2 dead after heavy rain flooded Las Vegas streets during wettest monsoon season in a decade
Two people died after heavy rain hit Las Vegas casinos and flooded streets Thursday night during the wettest monsoon season in a decade, according to Clark County officials.
Officers from the Las Vegas Metropolitan Police Department and Clark County Fire Department firefighters located and subsequently removed a man in the flood canal Thursday night. He was taken in an ambulance to the University of Southern Nevada Medical Center, where he later died, according to Clark County Deputy Fire Superintendent Billy Samuels.

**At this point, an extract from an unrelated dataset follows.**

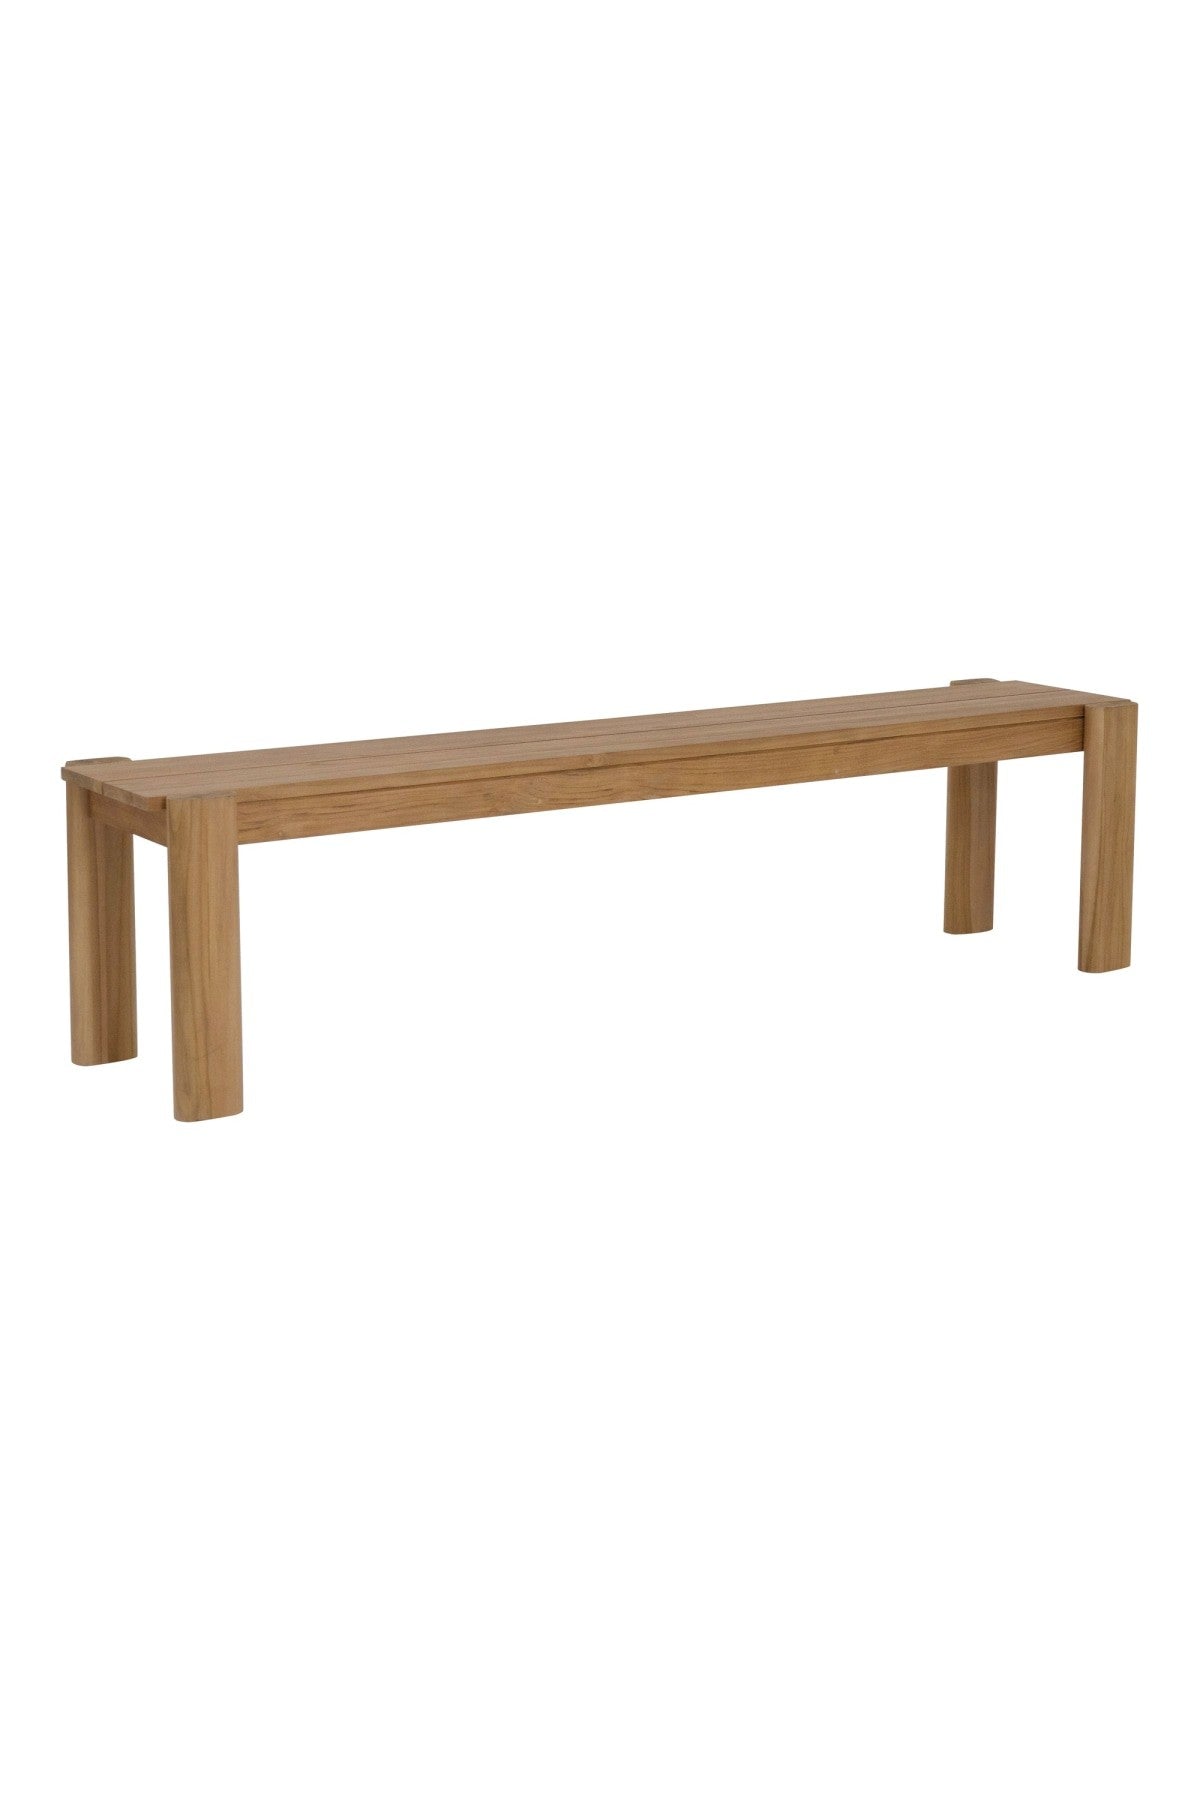 Temple Outdoor Dining Bench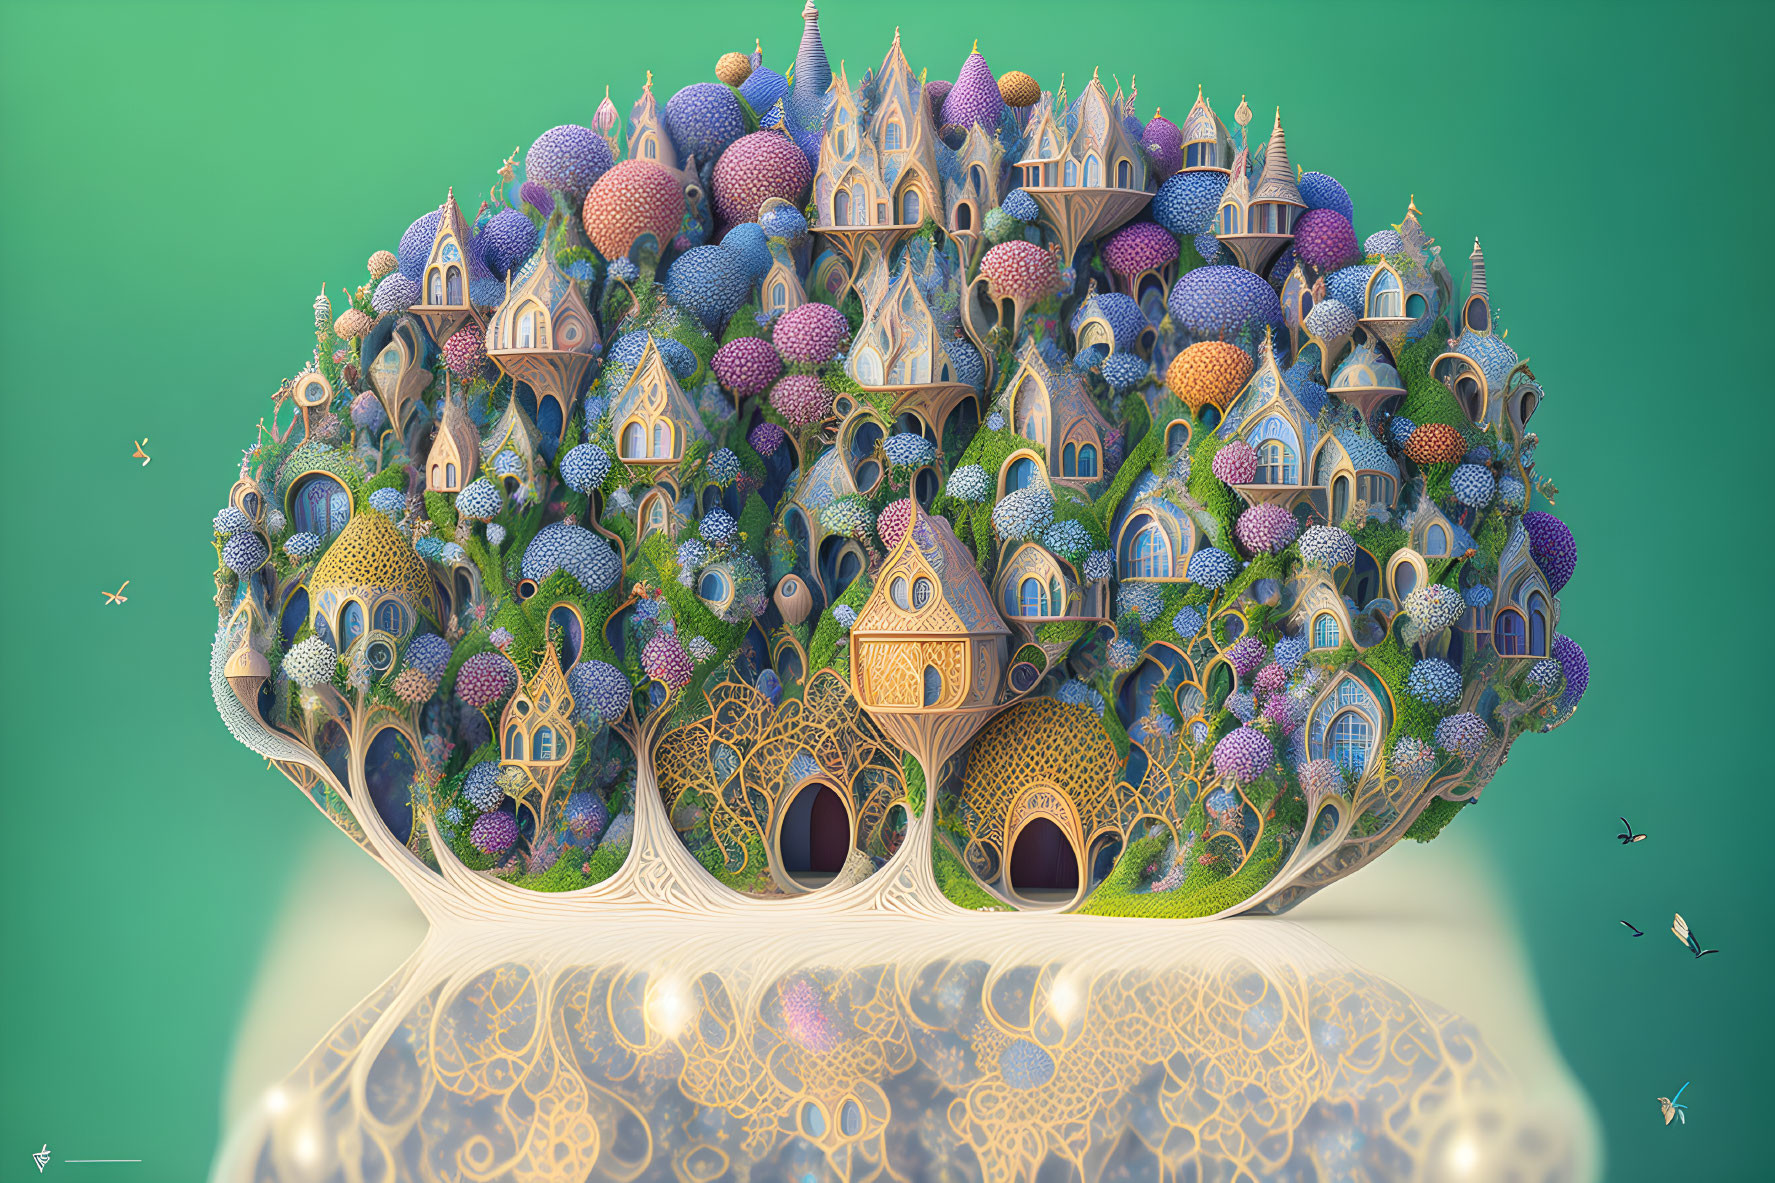 Colorful ornate buildings on floating island with tree-root-like structures

At around 2 p.m. Friday, Clark County Department of Public Works officials were using heavy equipment to remove excess debris from the flood channel while firefighters dug the piles by hand and found the wreckage. the second nucleus in the flood channel.
The man’s body was removed from the debris and turned over to the Clark County Coroner’s Office, Samuels said.
Rainwater seeped through the ceiling at the Planet Hollywood casino on Thursday, as seen in a video posted by CNN affiliate KTNV, which reported 114 blackouts in Clark County affecting about 12,000 people .
Strong monsoon rains in recent weeks have reduced the extent of drought in the southwest – as well as western Lientai – to levels not seen for months. Scientists have warned that extreme droughts and floods will become more frequent and severe as the planet warms.
In Nevada, the area’s “extreme drought” fell to 4% from nearly 30% last week – the lowest level in nearly two years, the report said. Conditions were worse in California’s Central Valley but improved some in the eastern deserts after notable rains brought flooding into Death Valley last week.
In Las Vegas, Thursday’s 0.58 inches of rain brought the total for this year’s monsoon season to 1.28 inches, the wettest since 2012, at 3.63 inches. The monsoon season runs from June 15 to September 30. The wettest monsoon season of all time was in 1984, with 4.16 inches.